Next-generation sequencing analysis with a population-specific reference genome

Tomohisa Suzuki,Kota Ninomiya,Takamitsu Funayama,Yasunobu Okamura,Shu Tadaka,the Tohoku Medical Megabank Project Study Group,Kengo Kinoshita,Masayuki Yamamoto,Shigeo Kure,Atsuo Kikuchi,Gen Tamiya,Jun Takayama
DOI: https://doi.org/10.1101/2024.03.07.584017
2024-03-10
Abstract:Next-generation sequencing (NGS) has become widely available and is routinely used in basic research and clinical practice. The reference genome sequence is an essential resource for NGS analysis, and several population-specific reference genomes have recently been constructed to provide a choice to deal with the vast genetic diversity of human samples. However, resources supporting population-specific references are insufficient, and it is burdensome to perform analysis using these reference genomes. Here, we constructed a set of resources to support NGS analysis using the Japanese reference genome sequence, JG. We created resources for variant calling, gene and repeat element annotations, variant-effect prediction, read mappability, and RNA-seq analysis. We also provide a resource for reference coordinate conversion for further annotation enrichment. We then provide a variant calling protocol using JG-based resources. Our resources provide a guide to prepare sufficient resources for the use of population-specific reference genomes and can facilitate the migration of reference genomes.
Bioinformatics
What problem does this paper attempt to address?
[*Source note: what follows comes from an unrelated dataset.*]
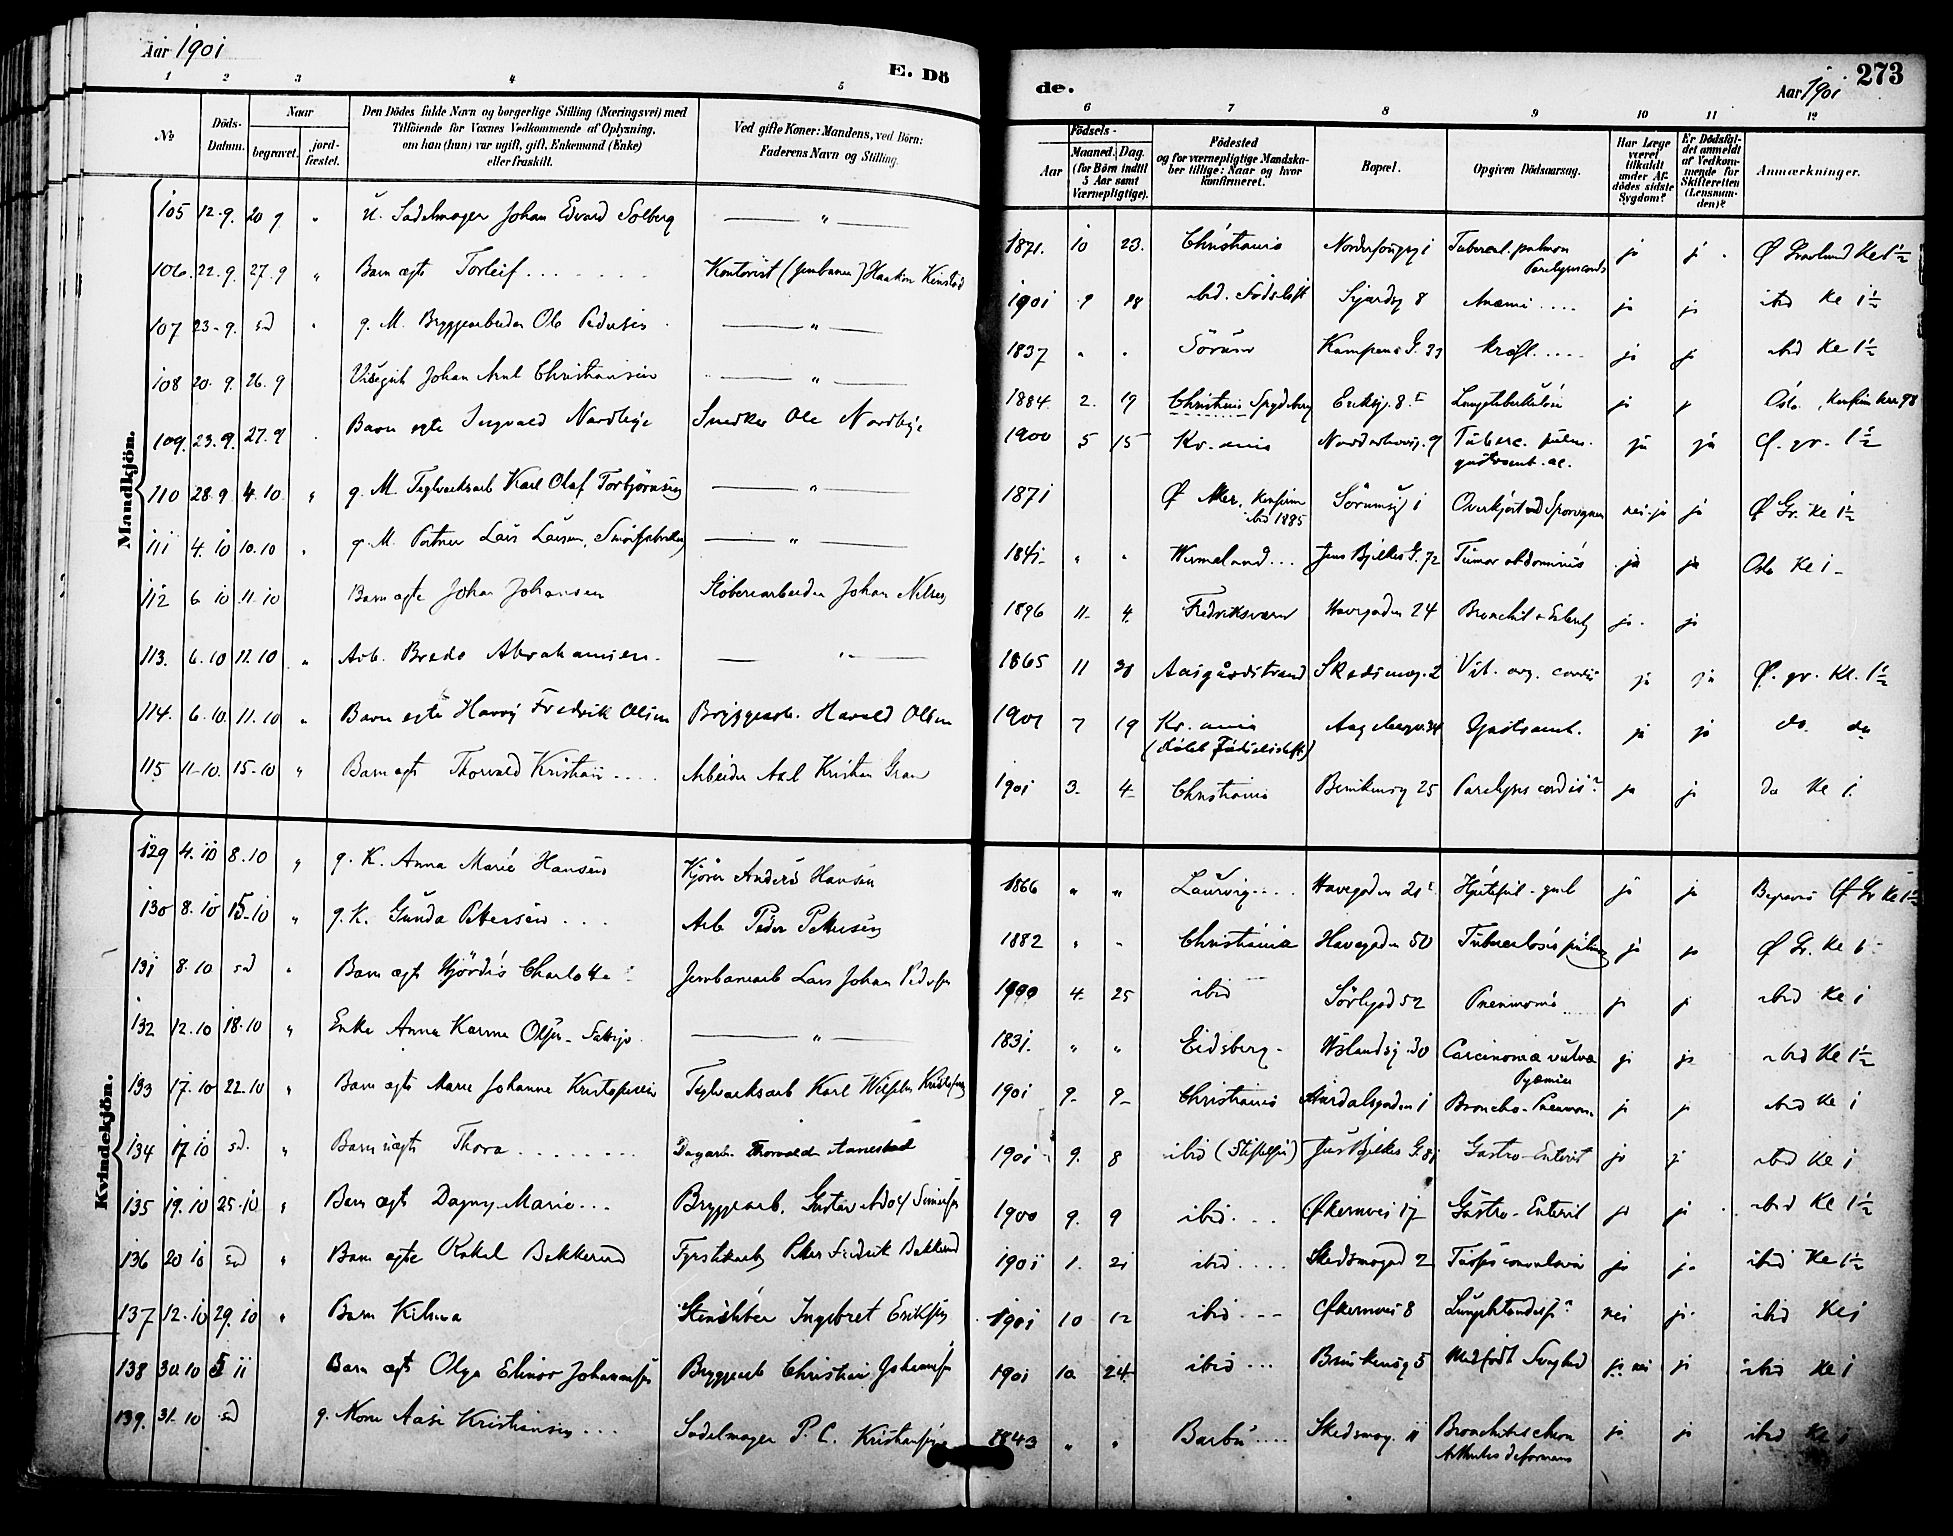 SAO, Kampen prestekontor Kirkebøker, F/Fa/L0008: Ministerialbok nr. I 8, 1892-1902, s. 273

The problem addressed in this paper is the limitation of existing reference genomes (such as GRCh37 and GRCh38) in genomic analysis, especially in handling genetic diversity. The researchers constructed a set of resources to support the use of the Japanese-specific reference genome JG for next-generation sequencing (NGS) analysis. The paper aims to provide tools and databases for variant detection, gene and repeat element annotation, variant effect prediction, etc. It also proposes a variant calling protocol using JG to improve the genomic analysis environment for specific populations.